In many respects, the writers who promulgated these fables missed the most important point: Mary was a well-known, well-liked and relatively respectable resident of the Old Town, and yet her disappearance was completely ignored by the authorities, as were those of most of the other victims. Burke and Hare are often pictured as being cunning villains, carefully selecting their prey to minimise the risk of being detected. In truth, they were outragously opportunistic, killing whomever they stumbled across when they were short of money, and barely lifting a finger to cover their tracks. They had even kept the clothing of almost every one of their victims in their own home, allowing Janet to finally discover Mary's fate.
It was official apathy over the disappearence of members of the lower classes from the slums which allowed Burke and Hare to continue killing for another six months after Mary Paterson was murdered.
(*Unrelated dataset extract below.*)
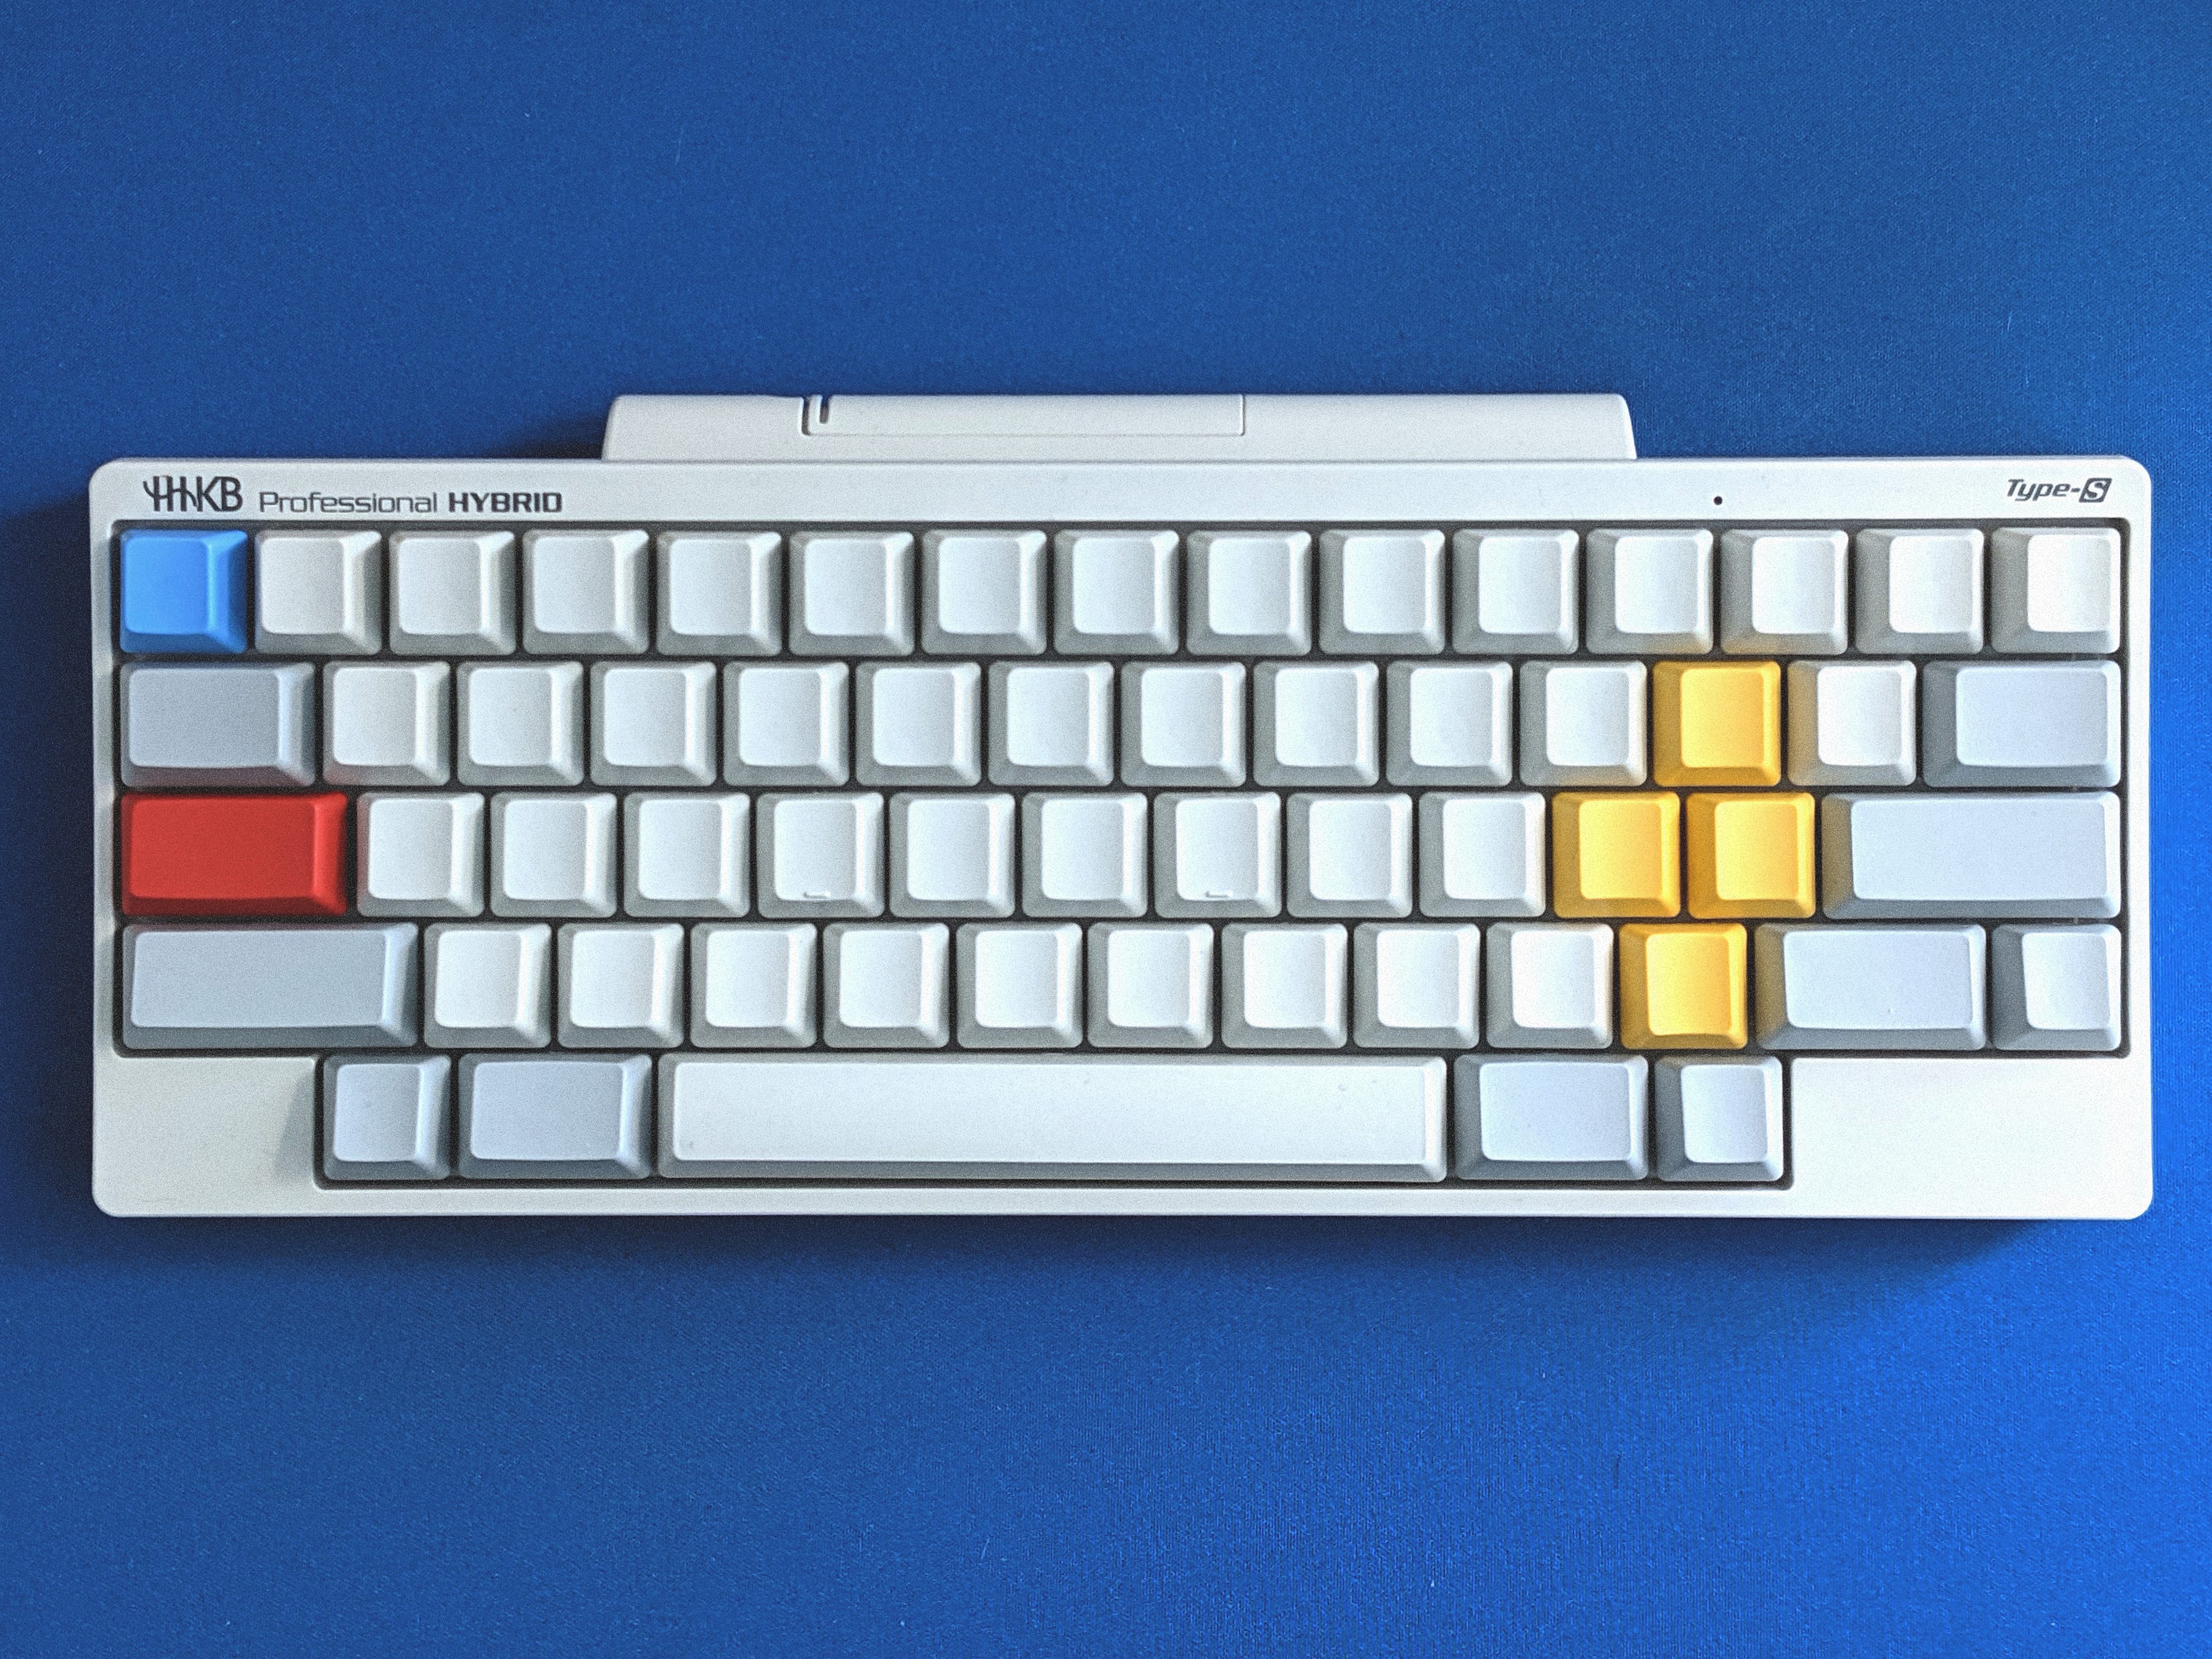 GitHub - skarrmann/umbra: 24 key ergonomic keyboard with self-encasing PCB.

They claimed sixteen lives in total (twelve of whom were women), but only Burke stood trial, and was tried only for the murder of their last victim (one Mrs Docherty, whose body was the only one recovered). He later confessed to his part in all of the murders, including Mary's, which had fetched the pair eight Pounds.
After the facts of the case were laid out, many asked how it could have happened. Sir Walter Scott summarised the cause of Burke and Hare's success, with these bitterly frank words:
"Our Irish importation have made a great discovery of Economics, namely, that a wretch who is not worth a farthing while alive becomes a valuable article when knocked on the head and carried to an anatomist; and acting on this principle, have cleared the streets of some of those miserable offcasts of society, whom nobody missed, because nobody wished to see them again."
Janet Brown might have disagreed with Scott's last point, but it's reasonable to assume that he meant "nobody who mattered".